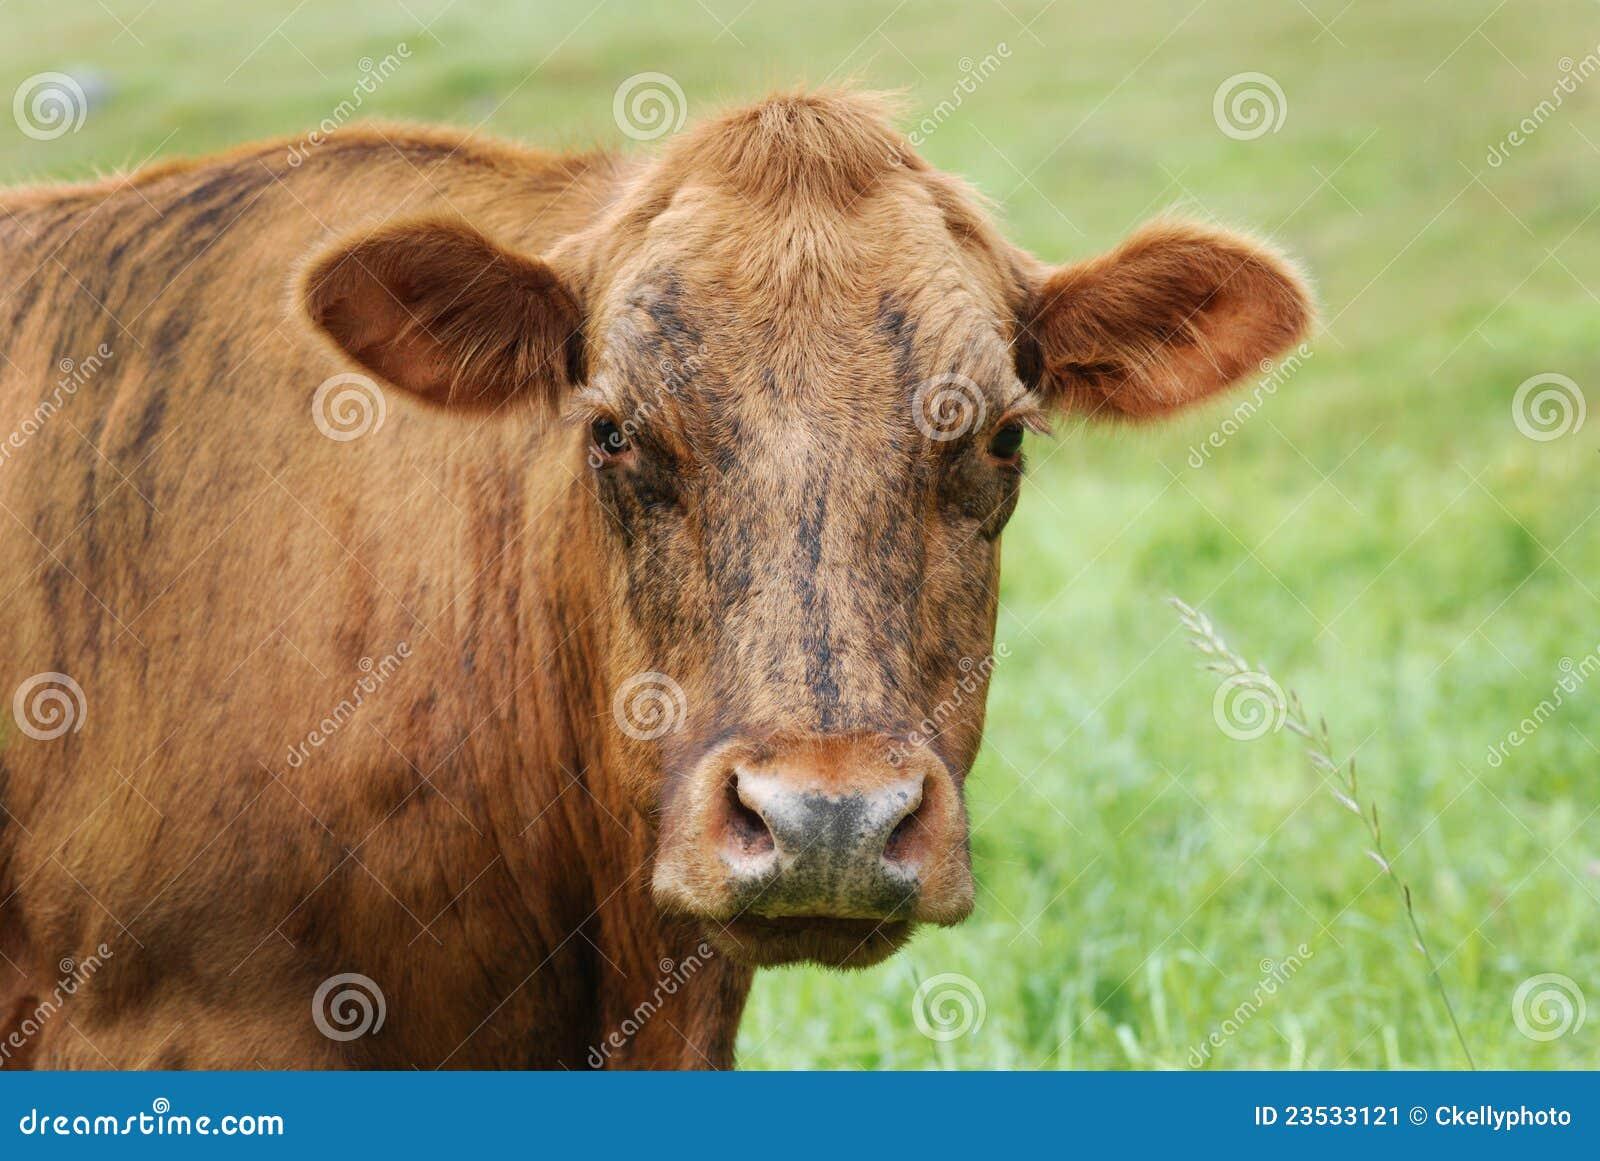 Vaca brindle-colorida fêmea no campo
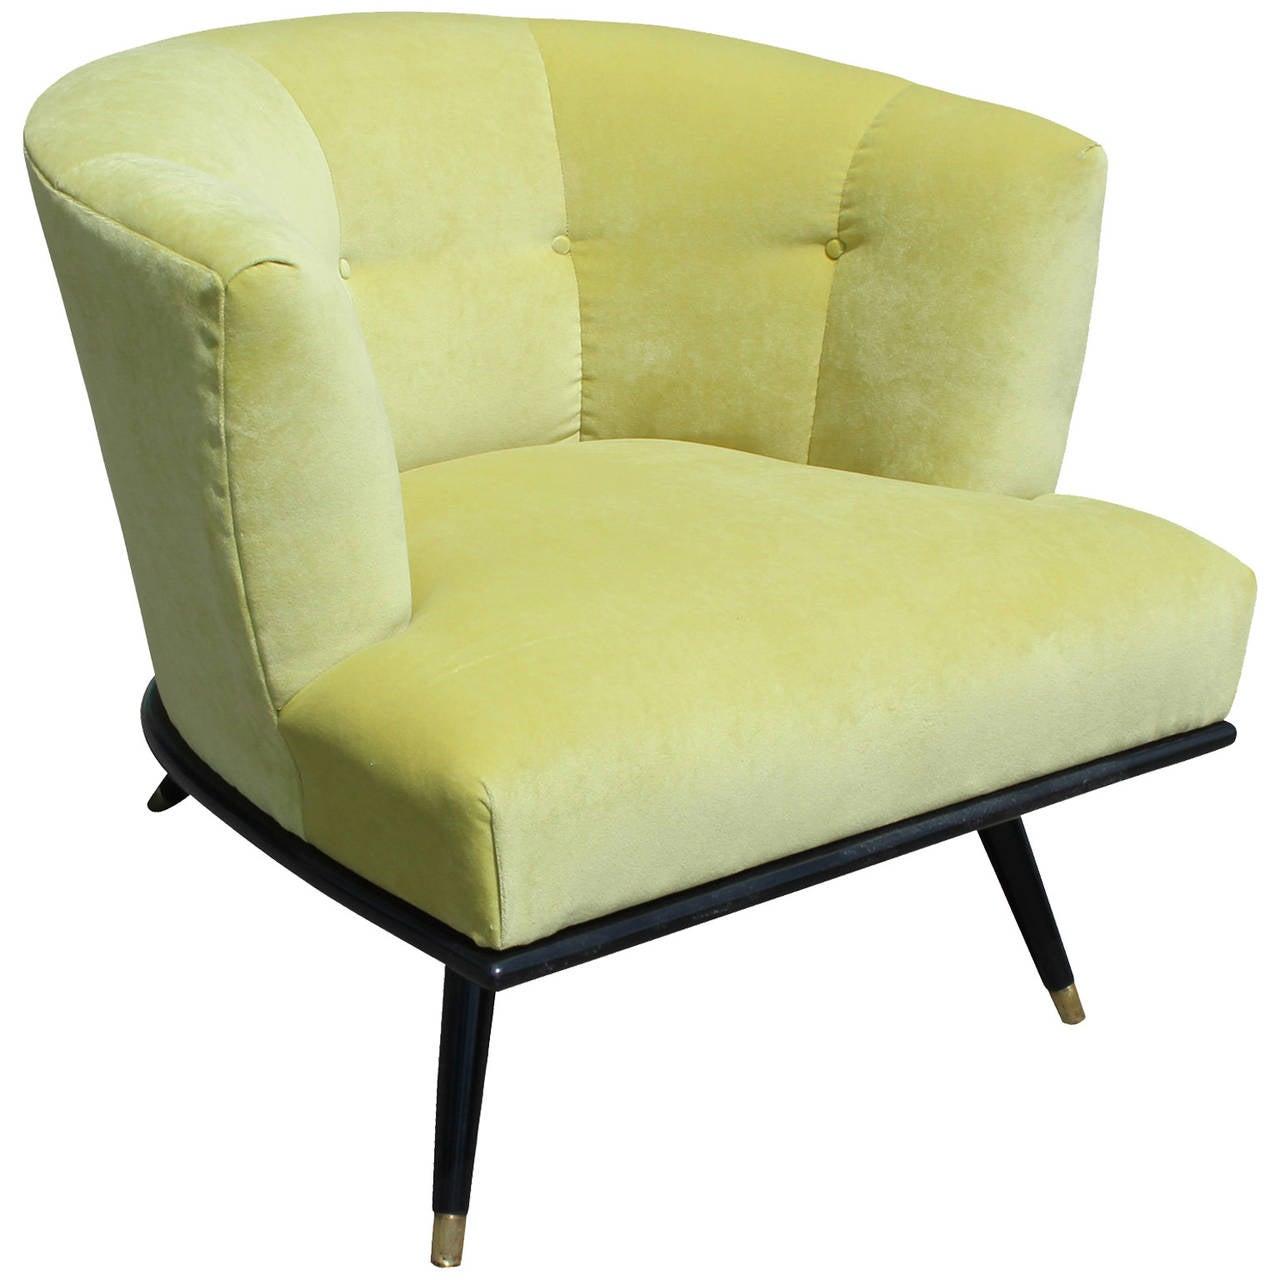 Modern Italian Style Barrel Back Chair In Green Velvet With
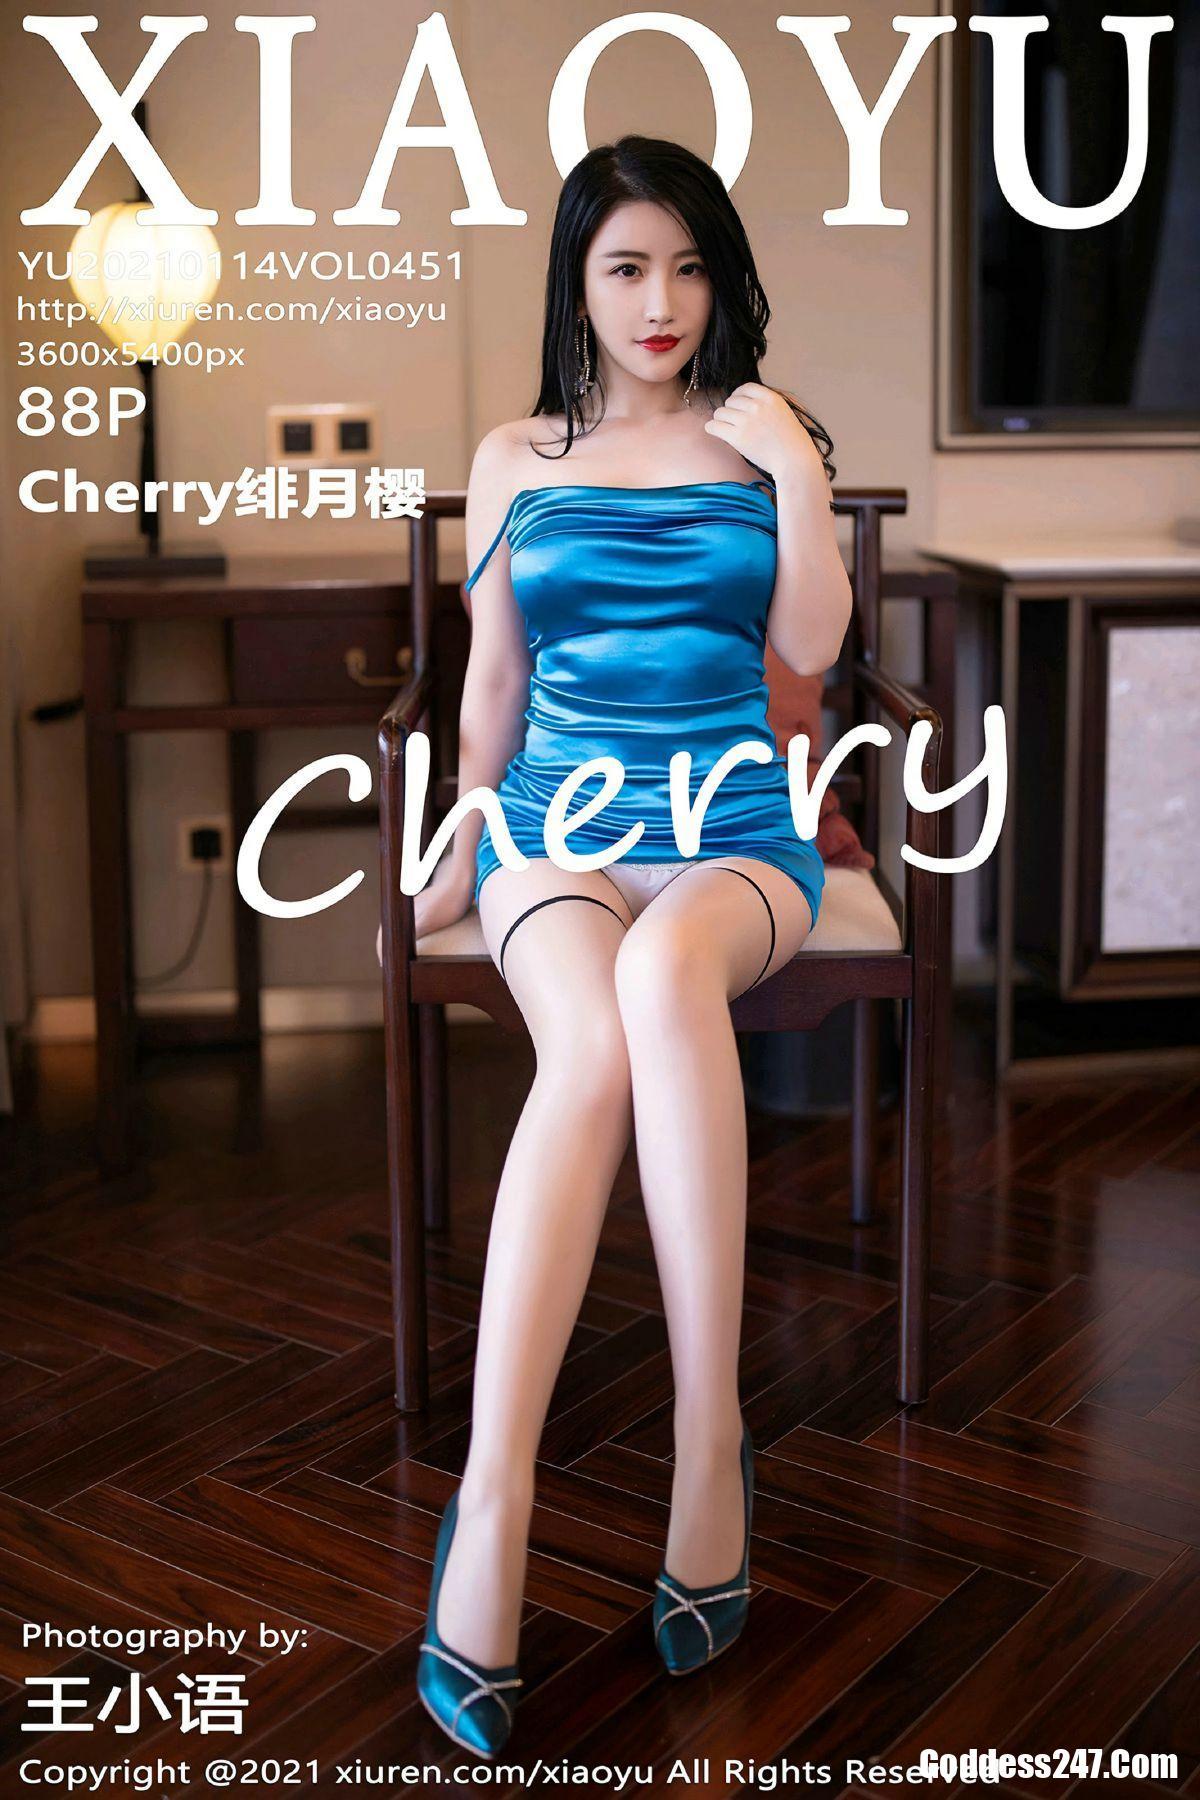 XiaoYu语画界 No.451 绯月樱-Cherry
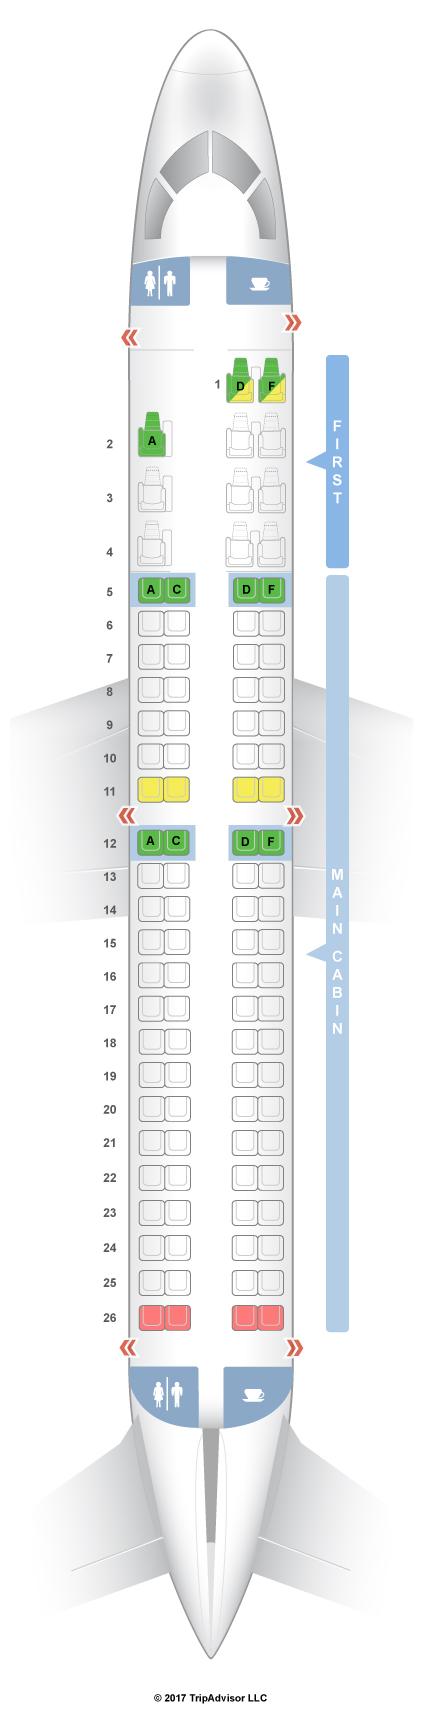 Seatguru Seat Map American Airlines Embraer Erj
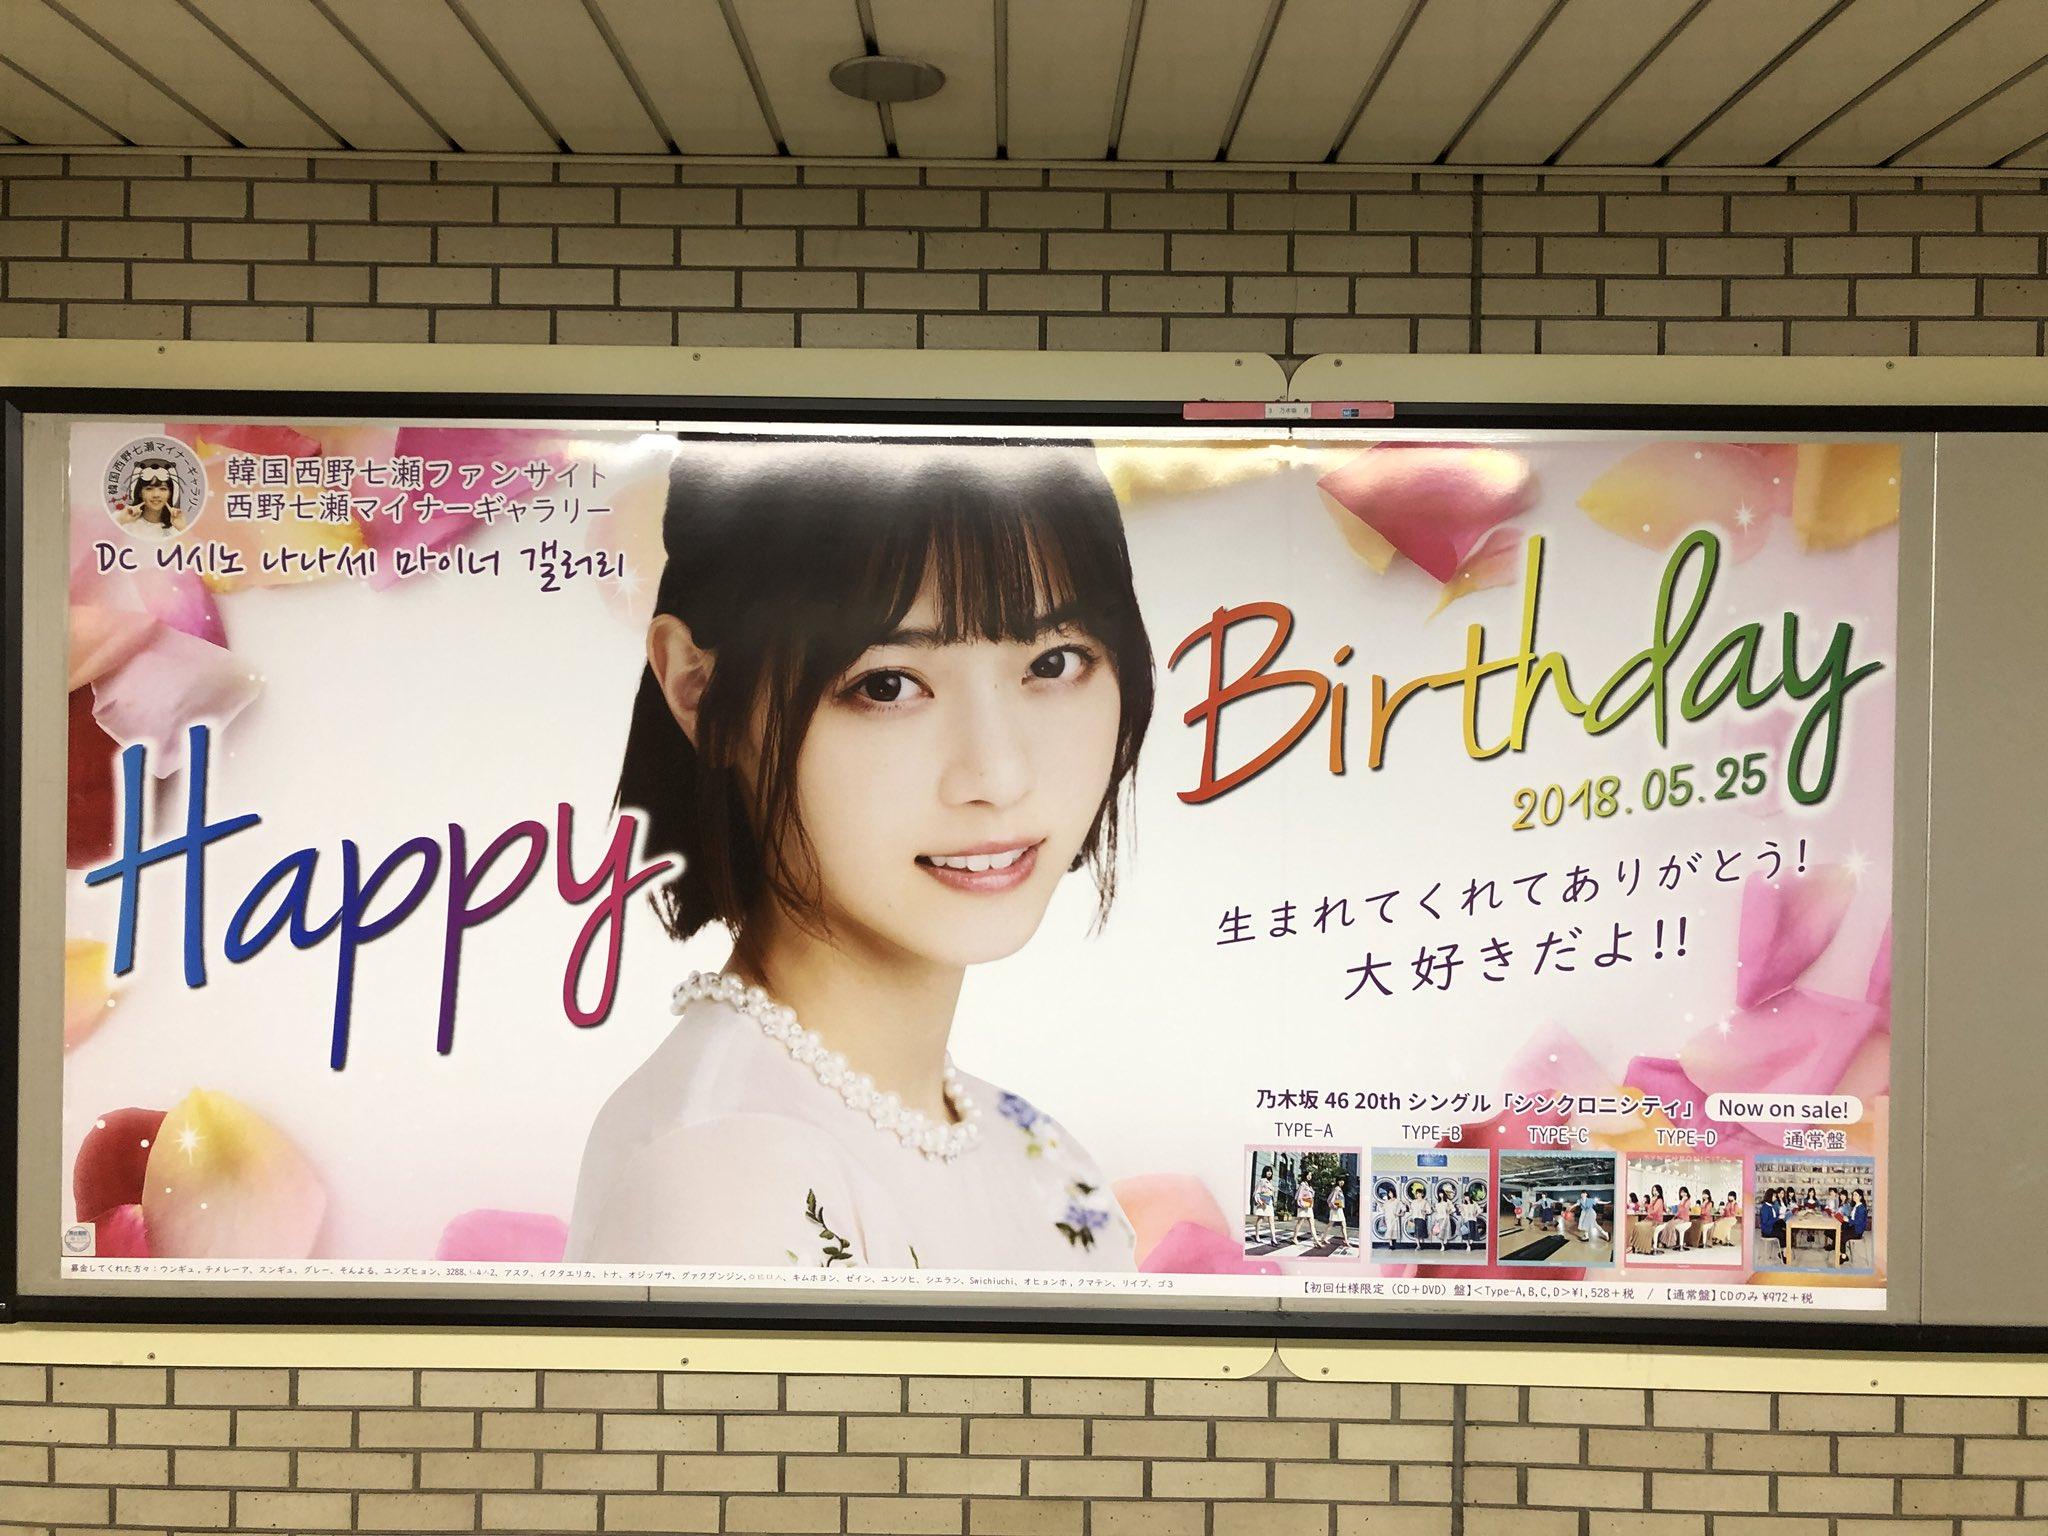 韓国の西野七瀬ファン、乃木坂駅にお誕生日お祝いポスター
-*-
## Goal of the exercise:
Go through the material above and print all of it exactly, except the pictures.

## Solution for this exercise:
 Vaca brindle-colorida fêmea no campo
 Modern Italian Style Barrel Back Chair In Green Velvet With
 XiaoYu语画界 No.451 绯月樱-Cherry
 Seatguru Seat Map American Airlines Embraer Erj
 韓国の西野七瀬ファン、乃木坂駅にお誕生日お祝いポスター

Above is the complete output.